A catástrofe psicológica da guerra resulta do colapso da continência mental e emocional e da liberação de terríveis estados mentais proto-emocionais não metabolizados. Alguns pacientes falaram de estarem subjugados por um ‘terror sem nome’. Bion descreve um estado de medo sem sentido que ocorre no contexto de uma criança cuja mãe é incapaz de ‘reverie’, conceito derivado da sua teoria da continência (Bion, 1962a, p. 116). Nossas práticas eram espaços transicionais, áreas do brincar, em que o corpo do analista e o setting formavam um ambiente de sustentação (holding). Devido ao colapso político e financeiro, nossos pacientes precisaram lidar com um ambiente falho dentro e fora. Em meio à pandemia de Covid-19 a análise remota ajudou a reforçar um ‘enquadre errático’ e a enfrentar ataques ao pensar e aos vínculos (Bion). ‘O trauma destrói a capacidade de pensar, quer aconteça com a criança cuja mãe não pode conter seus fragmentos de pensamento quer seja com um adulto cujo desenvolvimento da capacidade de conter suas associações é destruída por um trauma’ (Levine, 2011).

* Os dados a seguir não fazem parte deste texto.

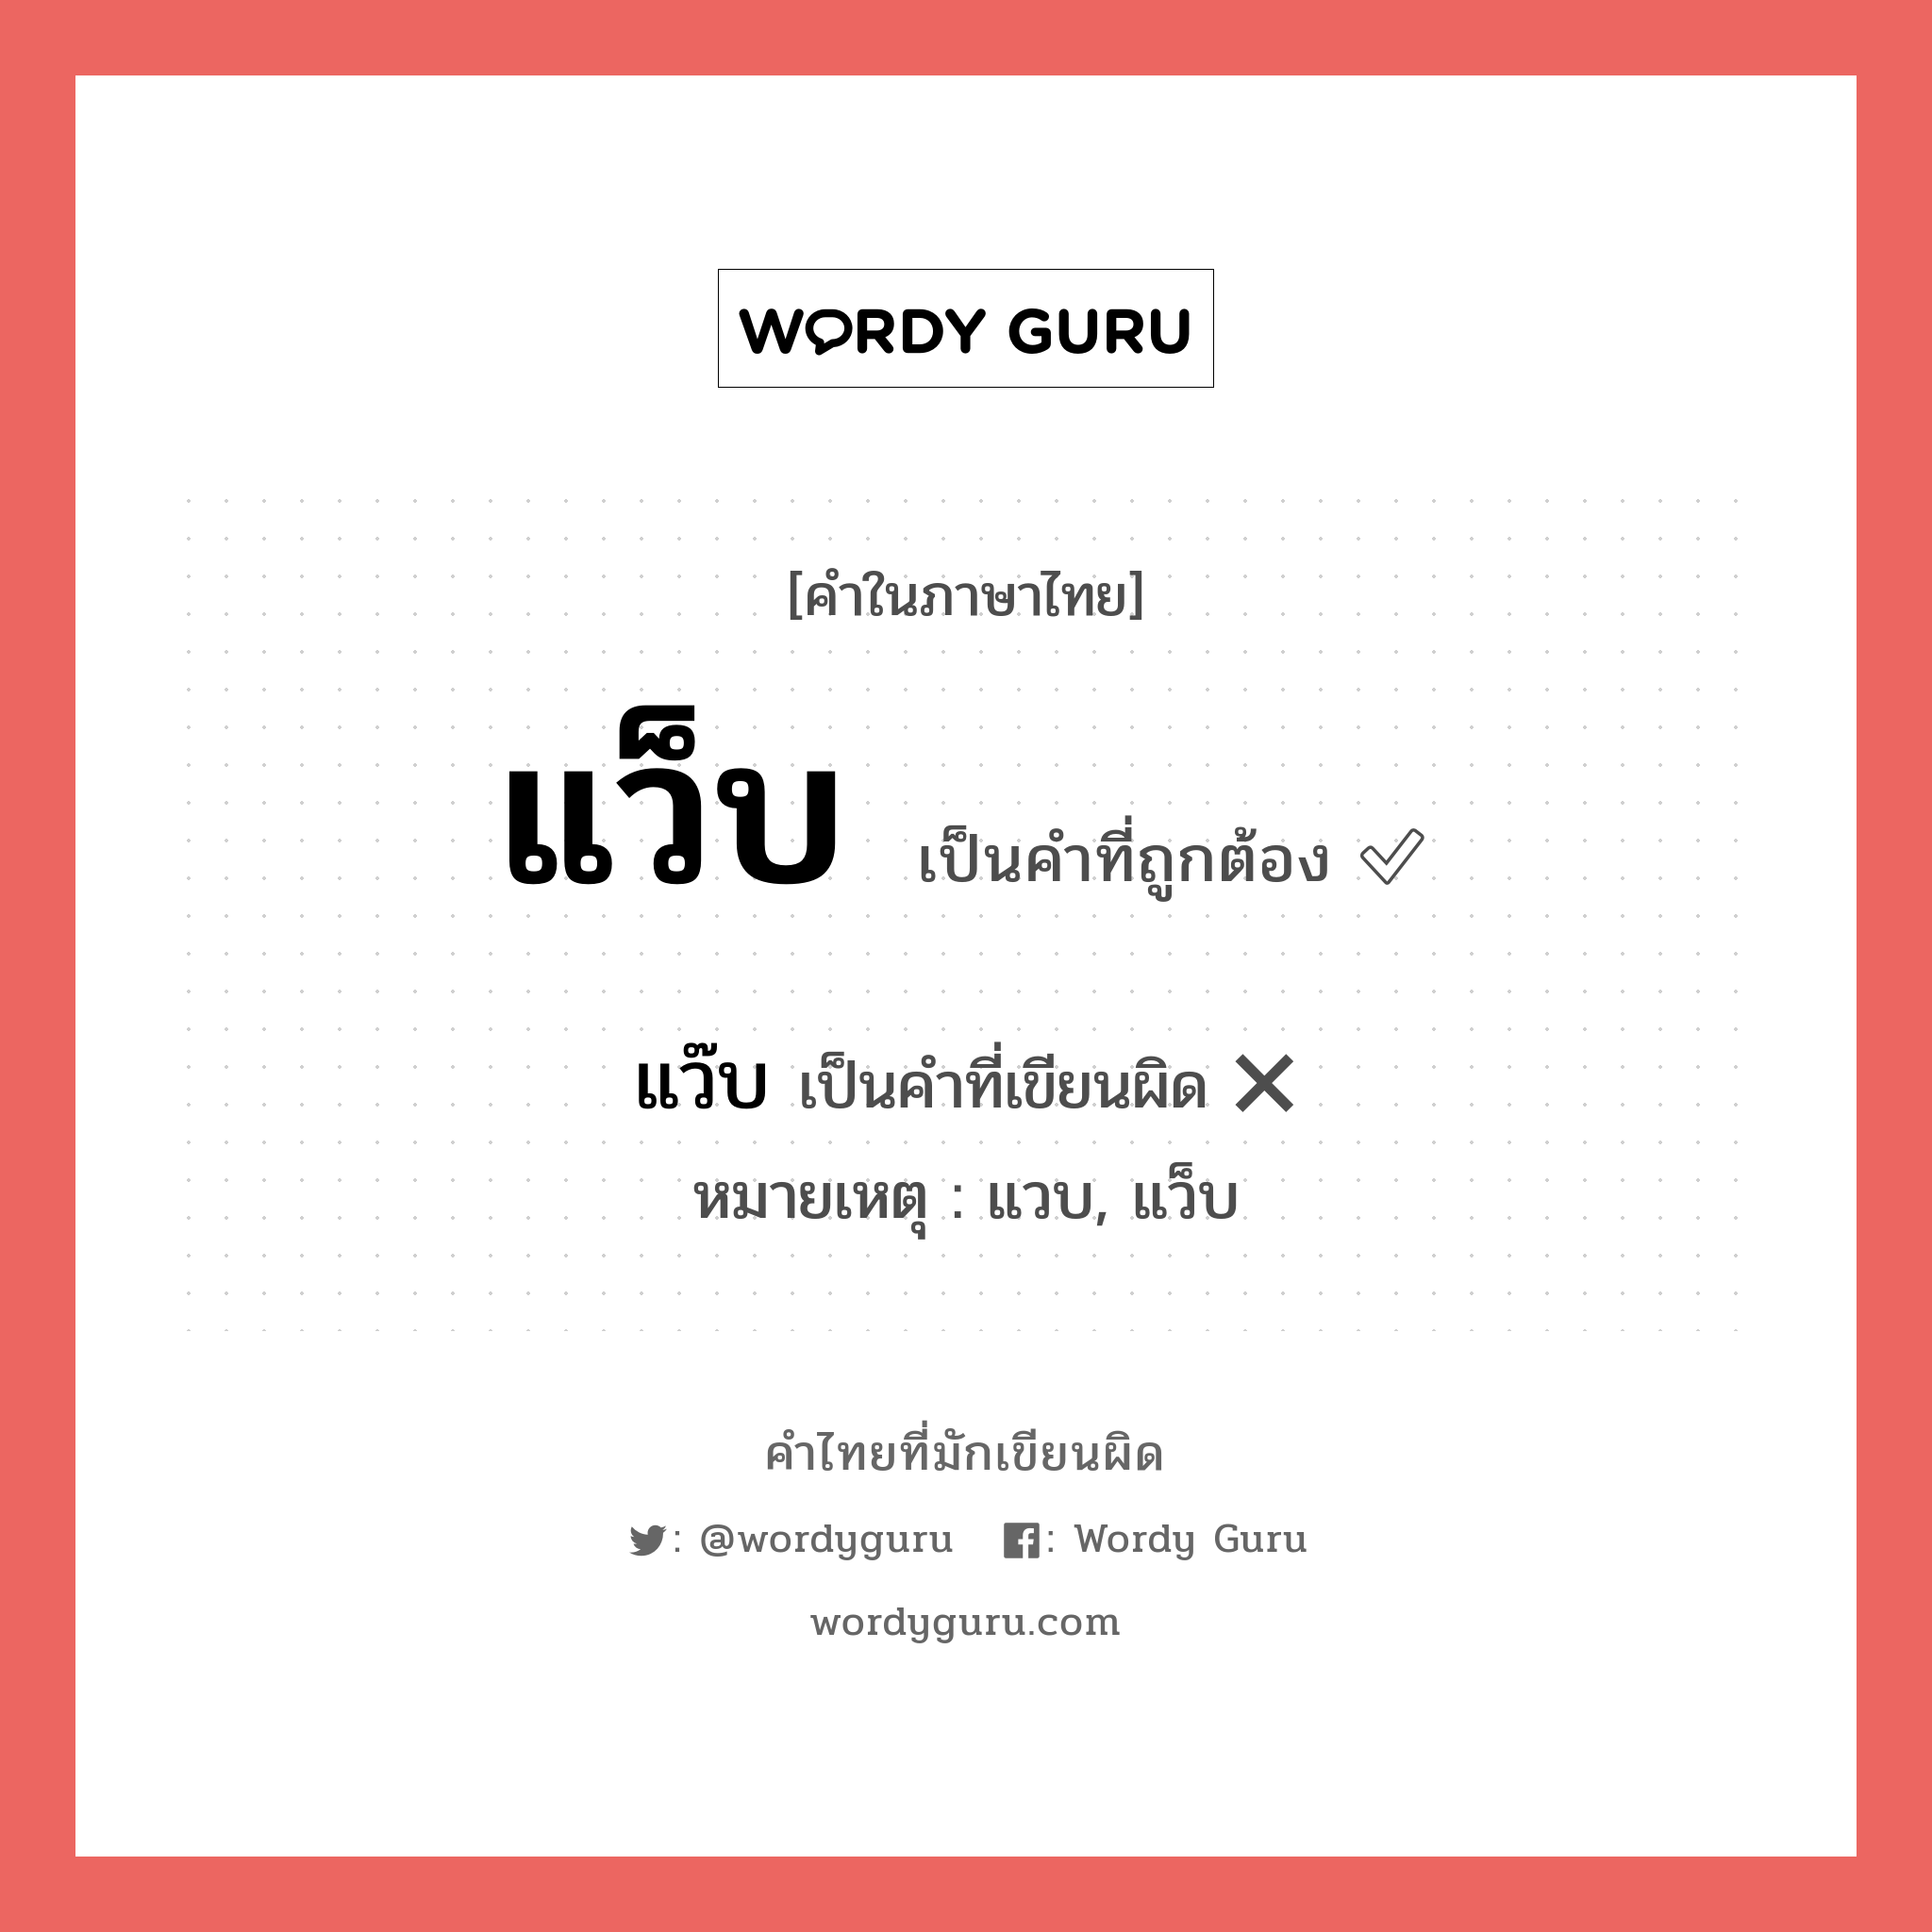 แว๊บ หรือ แว็บ คำไหนเขียนถูก?, คำในภาษาไทยที่มักเขียนผิด แว๊บ คำที่ผิด ❌ แว็บ หมายเหตุ แวบ, แว็บ

A Covid-19 destruiu os sonhos de revolução, que antes pôde apresentar-se como oportunidade para os sobreviventes da guerra civil e seus descendentes processarem, elaborarem e finalmente fazerem o luto dos horrores dessa guerra, a fim de reconstruir uma nova nação. A questão agora é se a pandemia matará a esperança de integração e transformação criativa. 

Como sabemos a partir das nossas práticas, para lidar com um conflito, é necessário haver um bom genitor internalizado e um ambiente continente. Nada disso existe no Líbano, pois a liderança política é corrupta e falha. A pandemia de Covid-19 ajudará a ampliar os déficits profundos entre os diversos grupos étnicos e religiosos do Líbano e a provocar mais violência? Ou reunirá seus cidadãos em um ‘reservatório’ (reservoir) compartilhado ou ‘ego pele’ que lhes permitiria ter a nação com a qual sonham? (Volkan, 1997). ‘Um grupo angustiado ou regredido apega-se mais teimosamente do que o habitual à sua etnia, nacionalidade ou religião, pois essas ligações fornecem um suporte semelhante a uma rede que protege o grupo da regressão ou desintegração mais profunda’ (Volkan, 1997, p. 146). Não obstante, isso também pode tornar-se o perigo real que o Líbano, como nação, enfrentará em futuro próximo: desintegração e retorno à violência na compulsória volta à cena (re-enactment) da guerra civil.
 
Referências
Bion, W. R. (1962a). ‘A theory of thinking’, Int. J. Psycho-Anal. 43:306-10; republished (1967)
Bion, W.R. (1967). Second Thoughts. London: Heinemann, pp. 39-40.
Bion, W.R. (1962b). Learning from Experience. London: Heinemann.
Levine, H. (2011). “‘The consolation which is drawn from truth”: the analysis of a patient unable to suffer experience’, in Bion Today, ed. Chris Mawson, pp. 188-211. New York: Routledge.
Kogan, I. ( 2007). The Struggle against Mourning. Lanham, Maryland: Aronson.
Volkan, V. (1997). Bloodlines. New York: Farrar, Straus and Giroux.